DATASET CONTENT =
·····

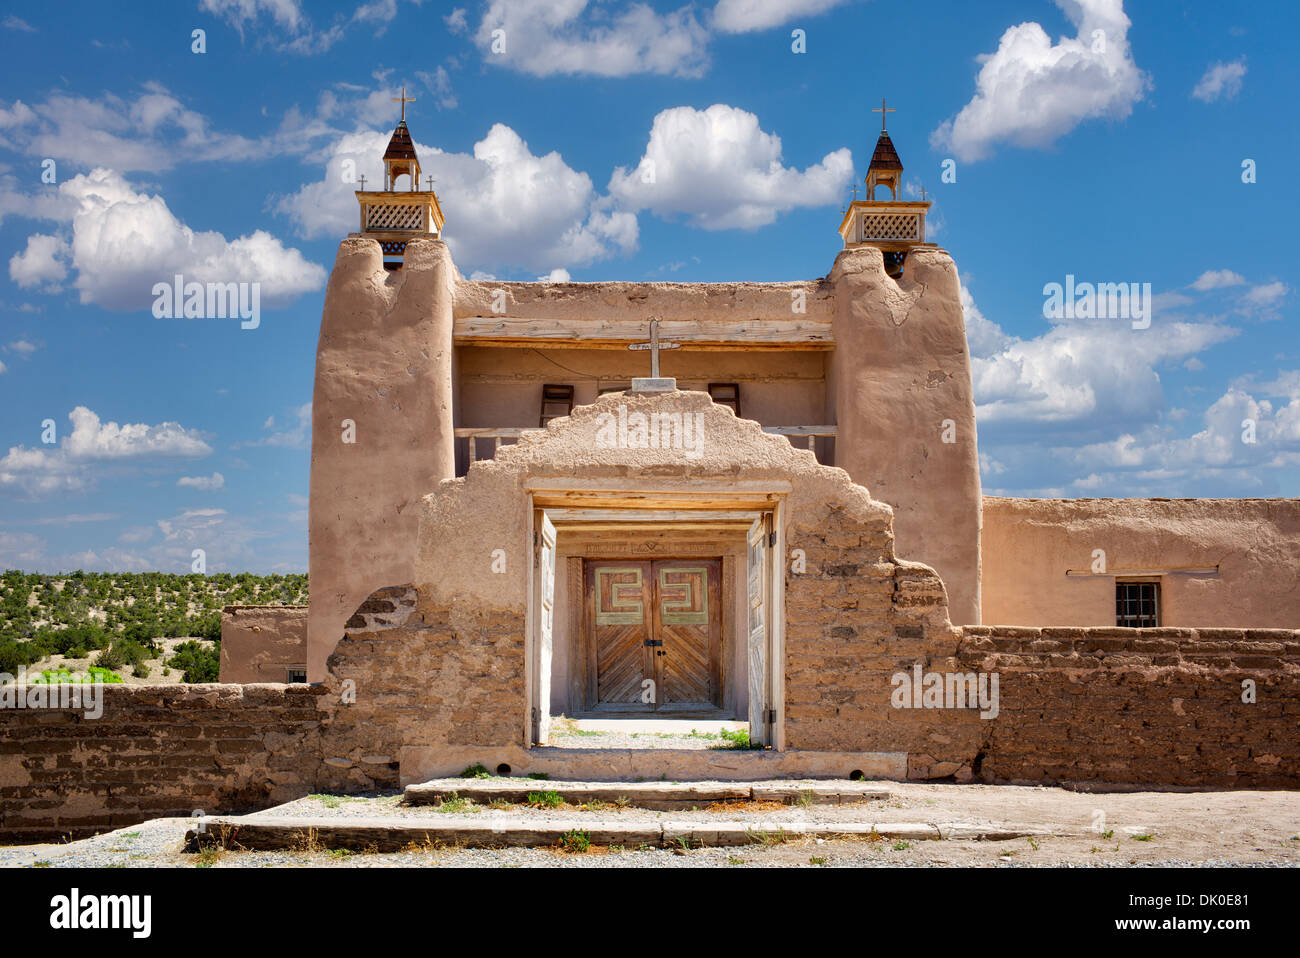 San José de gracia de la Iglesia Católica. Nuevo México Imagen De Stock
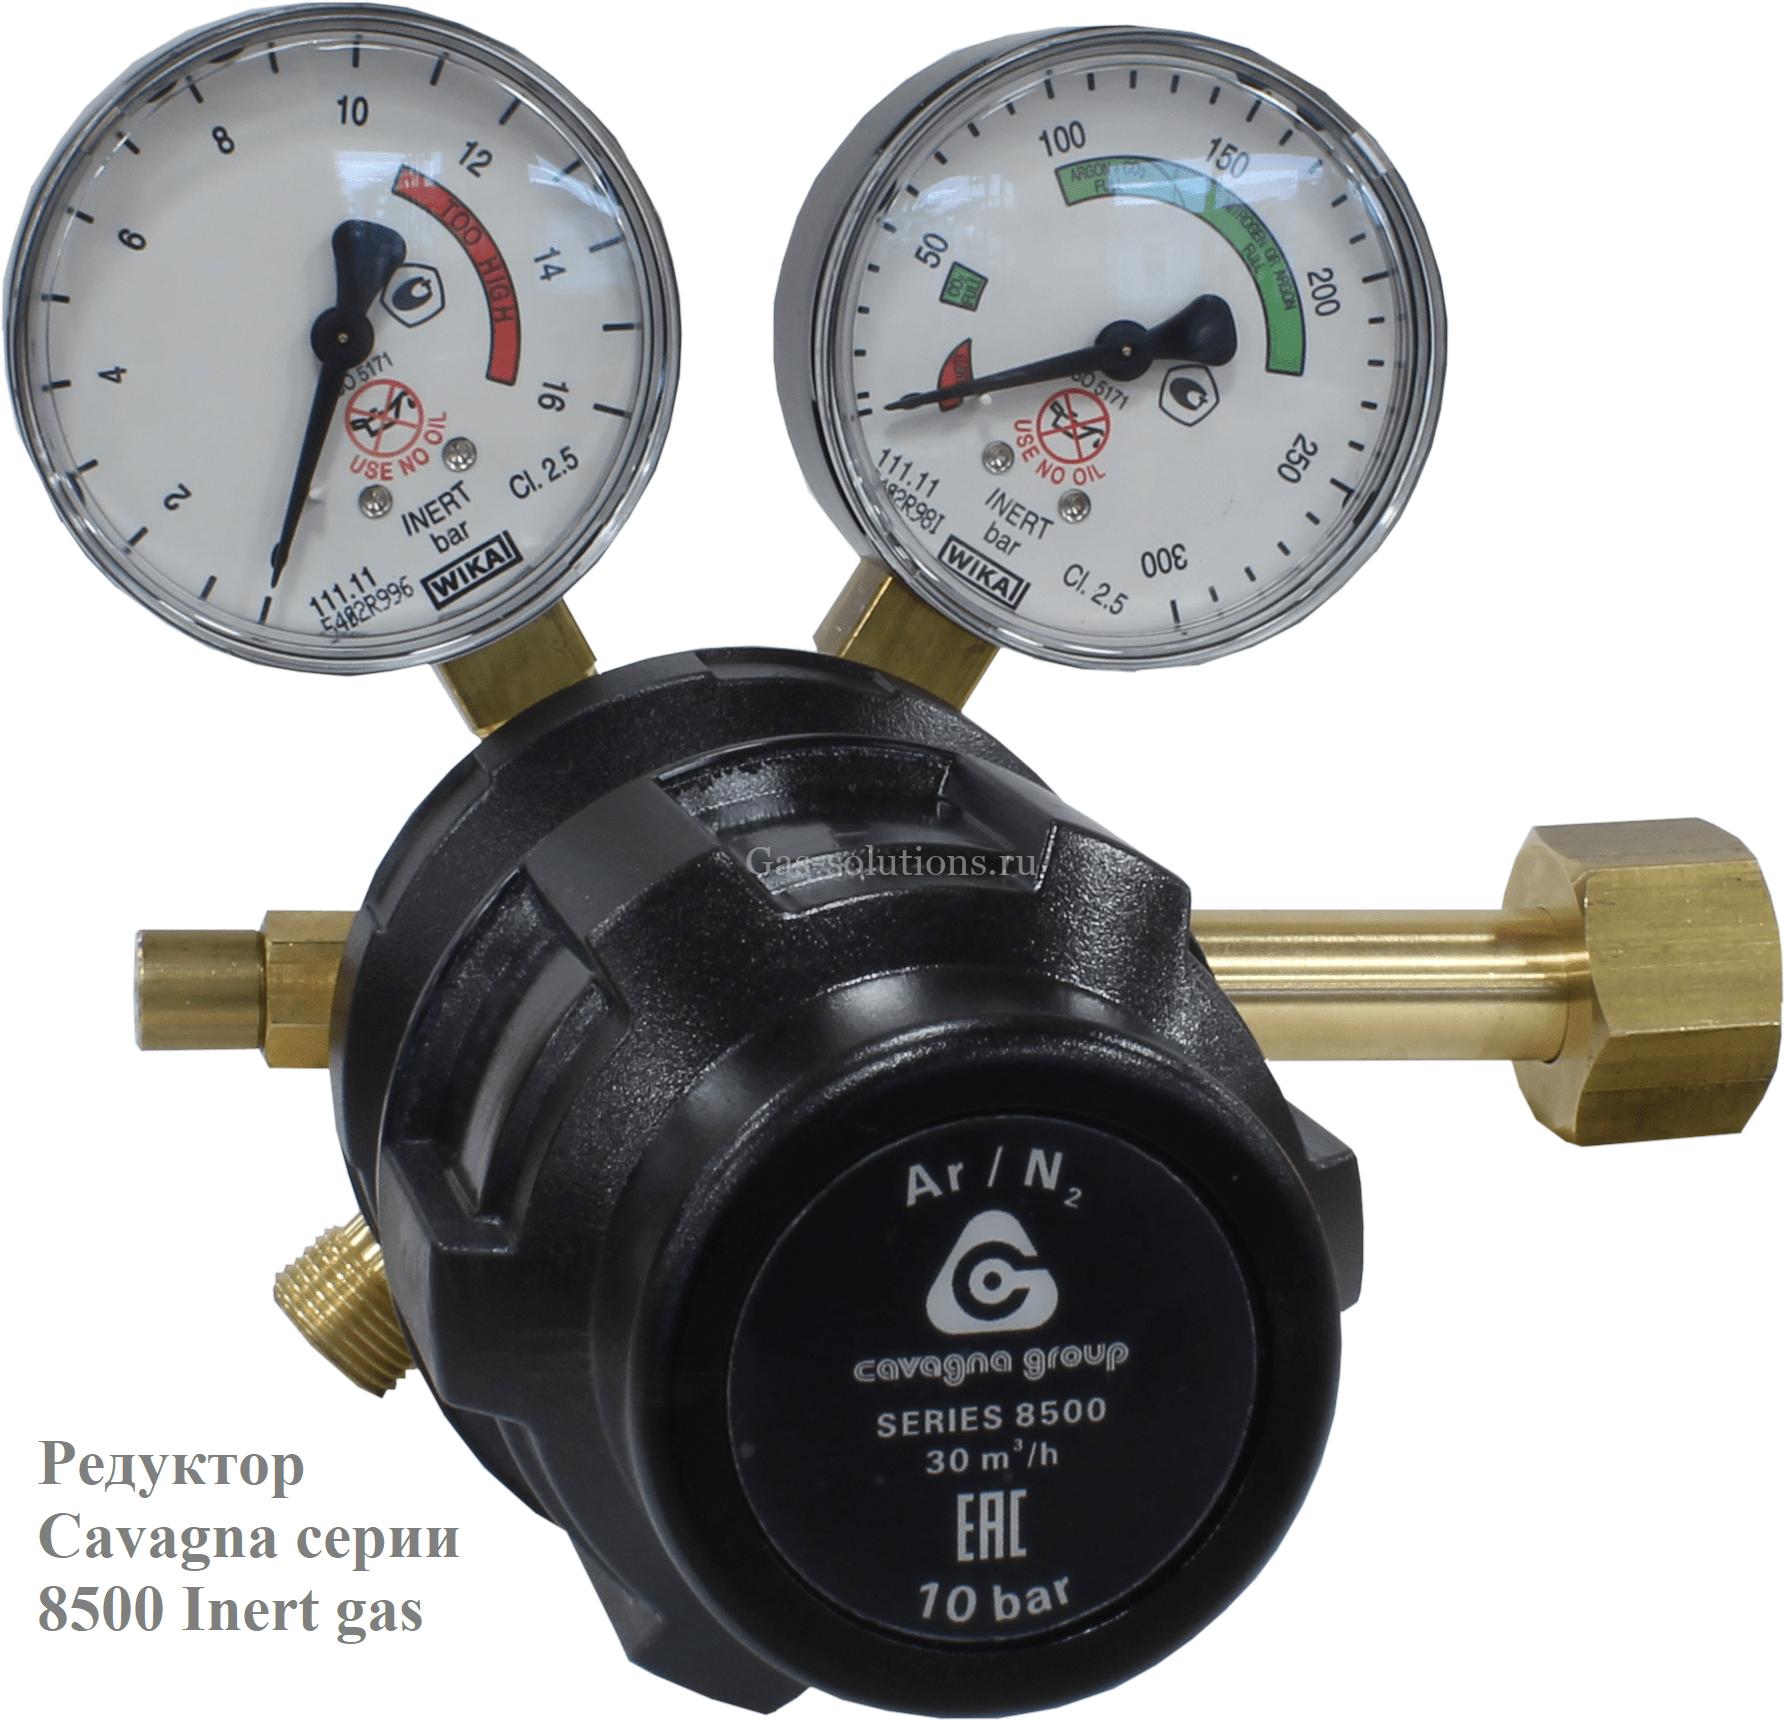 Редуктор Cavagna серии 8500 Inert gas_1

·····

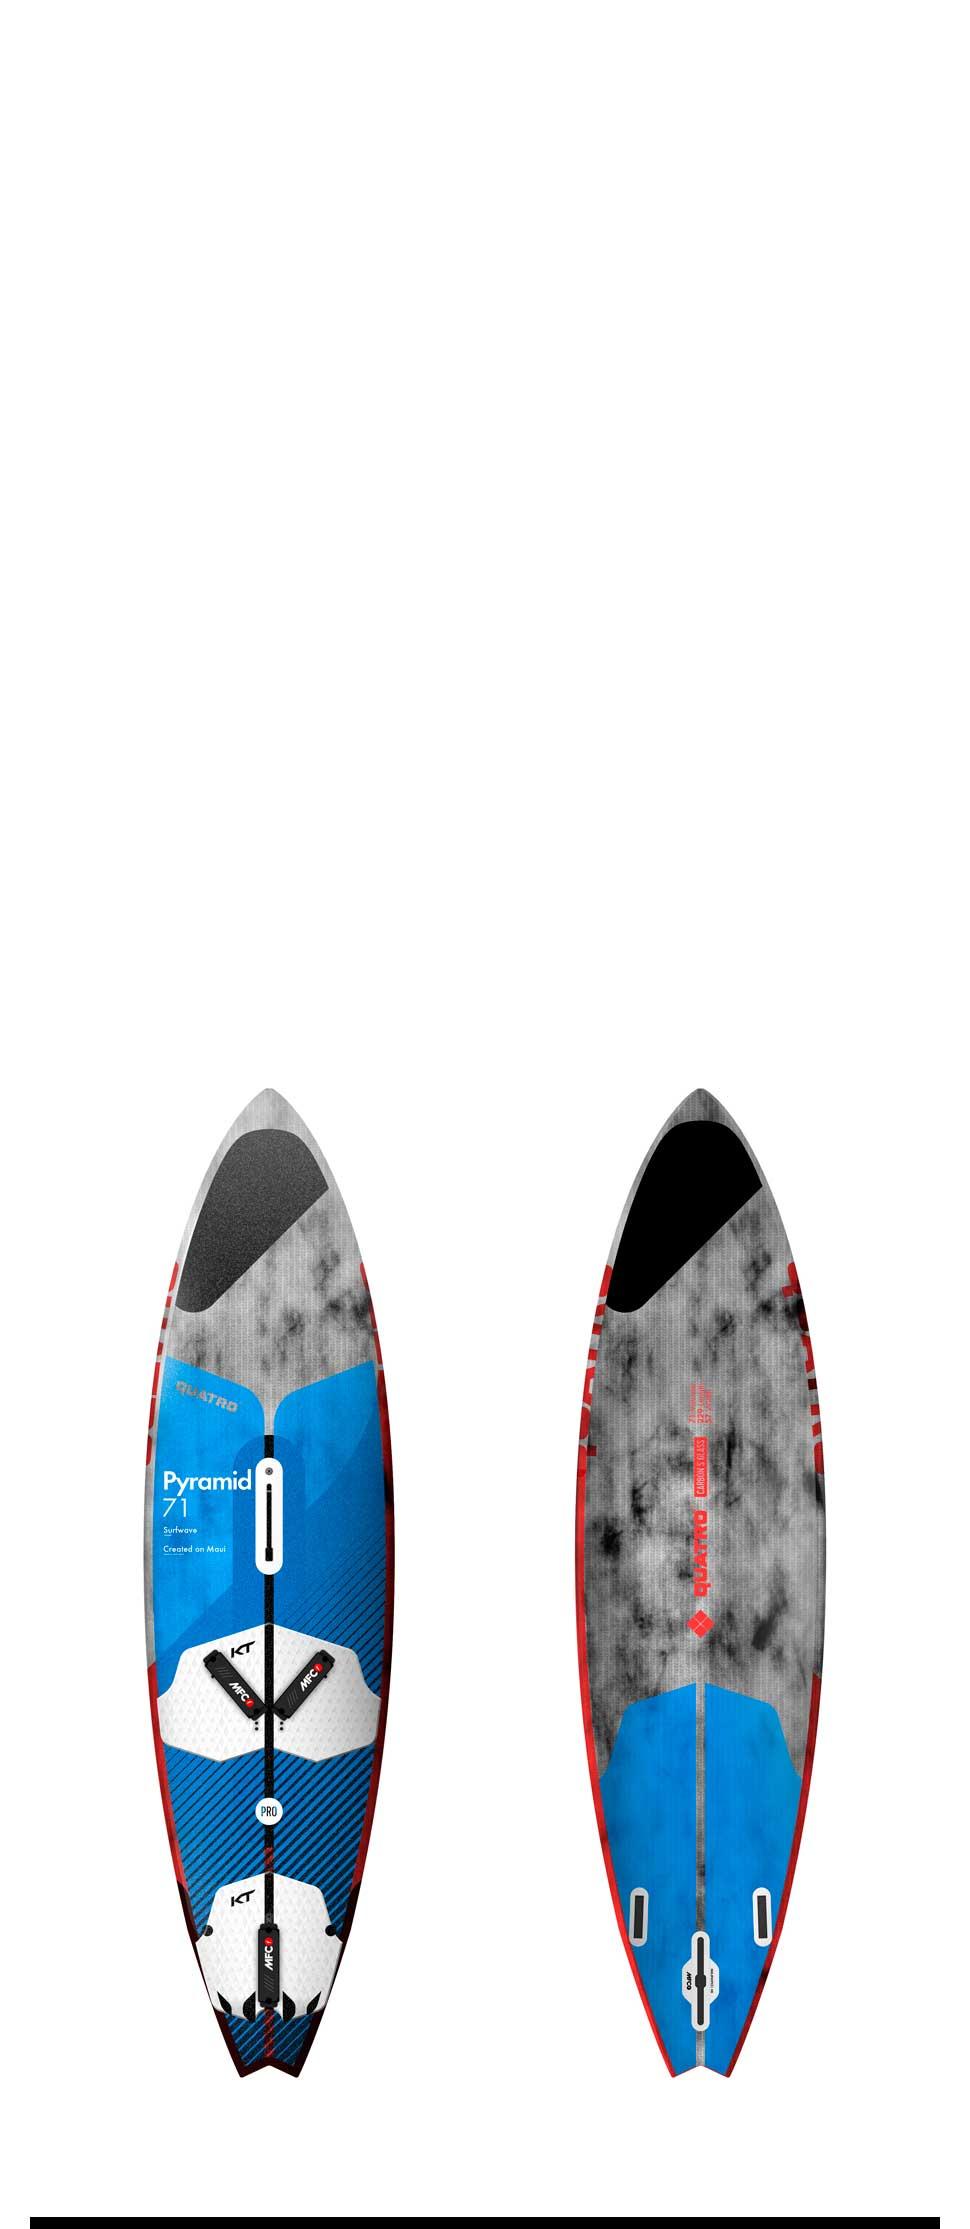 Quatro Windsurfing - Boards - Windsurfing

·····

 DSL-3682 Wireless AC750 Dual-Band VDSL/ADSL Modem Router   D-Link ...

·····

DIRECTIONS FOR THIS TASK =
Excerpt from the records above: set down only the lines from the one that contains "San José de" through the one that contains "Редуктор Cavagna серии 8500 Inert gas_1", inclusive, word for word. Pictures stay out.

REPLY =
 San José de gracia de la Iglesia Católica. Nuevo México Imagen De Stock
 Редуктор Cavagna серии 8500 Inert gas_1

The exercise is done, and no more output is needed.